ACTIVITY: Among the entries below, count the lines with "Sterling" in them and state the total without comment.

Dataset items

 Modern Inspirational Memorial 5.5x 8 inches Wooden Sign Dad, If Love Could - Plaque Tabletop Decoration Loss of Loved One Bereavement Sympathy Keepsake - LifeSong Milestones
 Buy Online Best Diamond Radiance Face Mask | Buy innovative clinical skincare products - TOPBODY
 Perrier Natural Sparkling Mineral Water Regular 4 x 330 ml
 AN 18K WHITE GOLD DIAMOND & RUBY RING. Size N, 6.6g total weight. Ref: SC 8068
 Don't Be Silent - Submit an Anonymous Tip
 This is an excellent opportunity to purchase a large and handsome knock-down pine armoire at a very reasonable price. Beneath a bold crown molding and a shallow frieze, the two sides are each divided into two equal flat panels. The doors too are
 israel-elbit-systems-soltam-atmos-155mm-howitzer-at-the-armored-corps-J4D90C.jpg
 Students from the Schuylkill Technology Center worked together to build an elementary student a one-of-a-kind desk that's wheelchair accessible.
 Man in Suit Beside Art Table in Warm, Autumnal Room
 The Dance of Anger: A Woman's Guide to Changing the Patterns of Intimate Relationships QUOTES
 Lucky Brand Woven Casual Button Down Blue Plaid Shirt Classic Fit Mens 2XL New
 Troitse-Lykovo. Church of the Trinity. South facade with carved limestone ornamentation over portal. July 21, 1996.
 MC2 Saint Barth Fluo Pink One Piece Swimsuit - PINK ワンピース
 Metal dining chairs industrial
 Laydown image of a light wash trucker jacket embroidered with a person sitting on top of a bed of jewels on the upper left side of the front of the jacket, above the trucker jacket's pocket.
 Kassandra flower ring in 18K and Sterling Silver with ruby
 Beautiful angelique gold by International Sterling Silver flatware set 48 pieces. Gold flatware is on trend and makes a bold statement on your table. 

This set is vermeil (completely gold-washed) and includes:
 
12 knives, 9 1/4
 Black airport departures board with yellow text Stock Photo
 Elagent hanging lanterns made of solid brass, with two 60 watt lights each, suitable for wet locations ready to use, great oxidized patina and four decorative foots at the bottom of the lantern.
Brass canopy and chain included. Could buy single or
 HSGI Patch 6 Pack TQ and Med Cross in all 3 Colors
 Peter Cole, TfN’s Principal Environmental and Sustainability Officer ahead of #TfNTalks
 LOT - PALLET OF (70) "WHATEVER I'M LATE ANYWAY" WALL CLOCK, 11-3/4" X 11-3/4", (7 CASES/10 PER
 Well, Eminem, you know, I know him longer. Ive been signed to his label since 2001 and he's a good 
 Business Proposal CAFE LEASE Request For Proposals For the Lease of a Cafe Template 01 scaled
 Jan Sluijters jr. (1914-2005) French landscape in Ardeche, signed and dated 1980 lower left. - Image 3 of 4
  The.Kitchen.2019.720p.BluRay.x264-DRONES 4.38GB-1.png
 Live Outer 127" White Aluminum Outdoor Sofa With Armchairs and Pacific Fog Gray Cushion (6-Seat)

SOLUTION FOR THIS EXERCISE: 2